Copyright © 2007 by the American Association for the Advancement of Science

TARP Auxiliary Subunits Switch AMPA Receptor Antagonists into Partial Agonists

Karen Menuz,1,2 Robert M. Stroud,3* Roger A. Nicoll,1,4* Franklin A. Hays3

Abstract: Quinoxalinedione compounds such as 6-cyano-7-nitroquinoxaline-2,3-dione (CNQX) are the most commonly used {alpha}-amino-3-hydroxy-5-methyl-4-isoxazolepropionic acid (AMPA) receptor antagonists. However, we find that in the presence of transmembrane AMPA receptor regulatory proteins (TARPs), which are AMPA receptor auxiliary subunits, CNQX acts as a partial agonist. CNQX induced small depolarizing currents in neurons of the central nervous system, and reconstitution of this agonist activity required coexpression of TARPs. A crystal structure of CNQX bound to the TARP-less AMPA receptor ligand-binding domain showed that, although CNQX induces partial domain closure, this movement is not transduced into linker separation, suggesting that TARPs may increase agonist efficacy by strengthening the coupling between domain closure and channel opening. Our results demonstrate that the presence of an auxiliary subunit can determine whether a compound functions as an agonist or antagonist.

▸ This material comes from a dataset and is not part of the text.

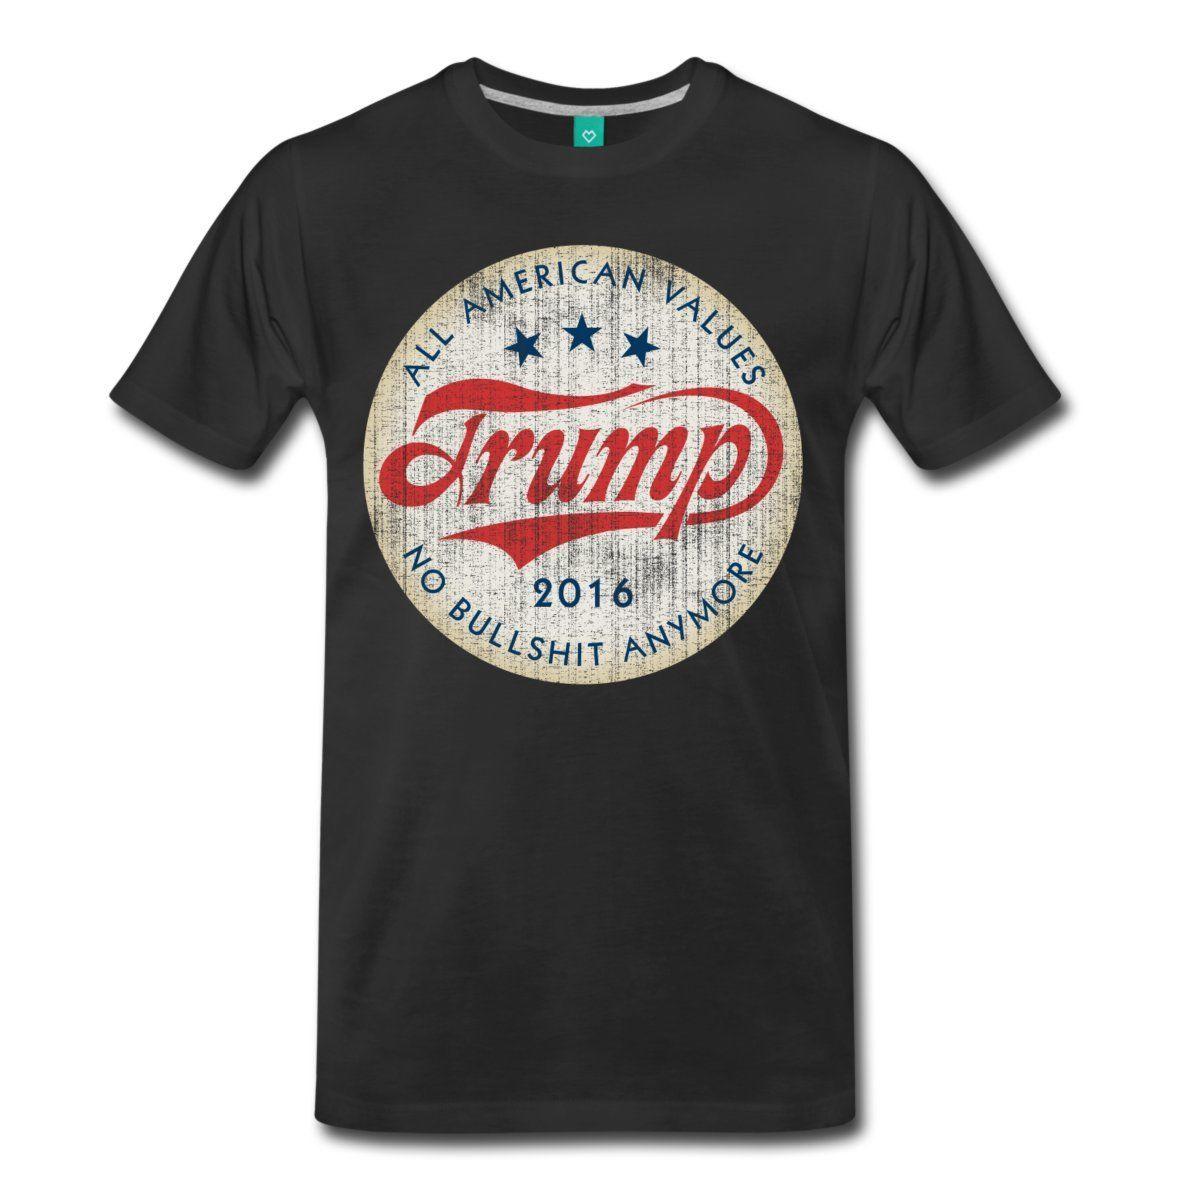 fa58d0fcfd09c6 Трамп 2016 американские ценности лозунг Мужская Премиум Футболка 2018  горячая Распродажа супер модная новая футболка весна

1 Department of Cellular and Molecular Pharmacology, University of California at San Francisco, San Francisco, CA 94143, USA.
2 Graduate Program in Neuroscience, University of California at San Francisco, San Francisco, CA 94143, USA.
3 Department of Biochemistry and Biophysics, University of California at San Francisco, San Francisco, CA 94143, USA.
4 Department of Physiology, University of California at San Francisco, San Francisco, CA 94143, USA.

* To whom correspondence should be addressed: stroud{at}msg.ucsf.edu (R.M.S.); nicoll{at}cmp.ucsf.edu (R.A.N.)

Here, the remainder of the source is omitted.